Toronto has met the enemy and it's Toronto
February 26, 2007
Christopher Hume
Mike Harris would be proud. There was a time when it was up to a heavy like the former Ontario premier to put Toronto in its place.
Now we do it to ourselves.
True, Toronto is the city the rest of Canada loves to hate, but who hates us more than we hate ourselves?
There was a small but revealing instance of that recently when word came that the civic government would spend $6 million to renovate City Hall. Specifically, the money was set aside to cover the cost of expanding the mayor's office and adding a committee room.
But judging from the response, you'd have thought the city had announced it would be stealing money from the mouths of hungry babes so the mayor could feed his overstuffed ego.
Municipal politicians led the chorus of outrage.
"How could he (Mayor David Miller) put this forward given the financial environment we're in?" huffed Case Ootes (Ward 29, Toronto-Danforth), right on cue.
And one can only imagine what poor old Rob Ford (Ward 2, Etobicoke North) was thinking. This is a man whose (very successful) political career is based on his role as a tireless Toronto hater.
Of course, Ootes is right; the city is in a financial mess. But Ootes doesn't go the one step farther to wonder why. Neither do many of his Toronto-hating colleagues on city council. Nor do many Torontonians.

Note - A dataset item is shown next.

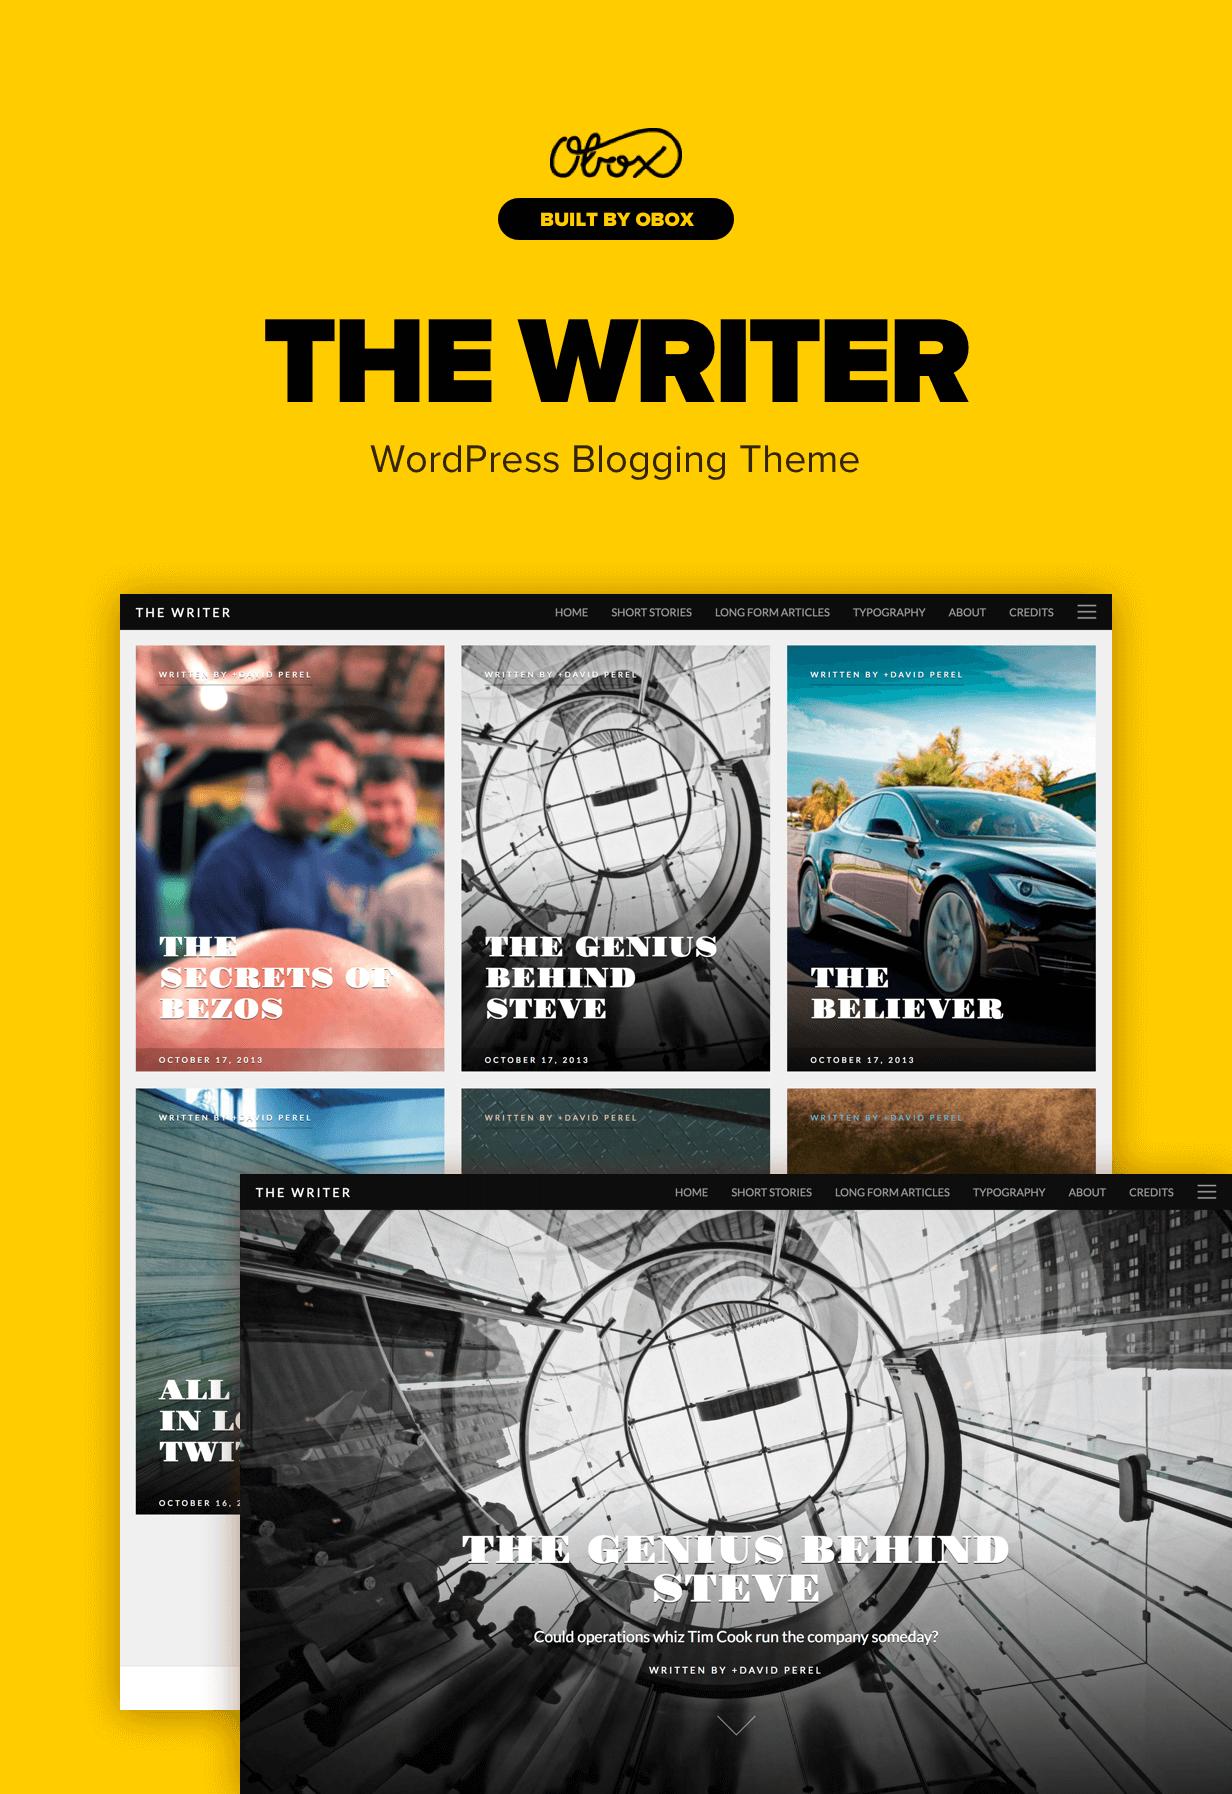 writer2 - The Writer - Premium WordPress Blogging Theme

Instead, they prefer to believe the city is the author of its financial misfortunes, that we are unworthy.
If only it were so simple.
The truth is that Toronto has been systemically ripped off by the rest of the country and province for decades. We're the patsies of Confederation and, what's most remarkable, happy to be so.
And now we have internalized the deep and abiding dislike Canada feels for us.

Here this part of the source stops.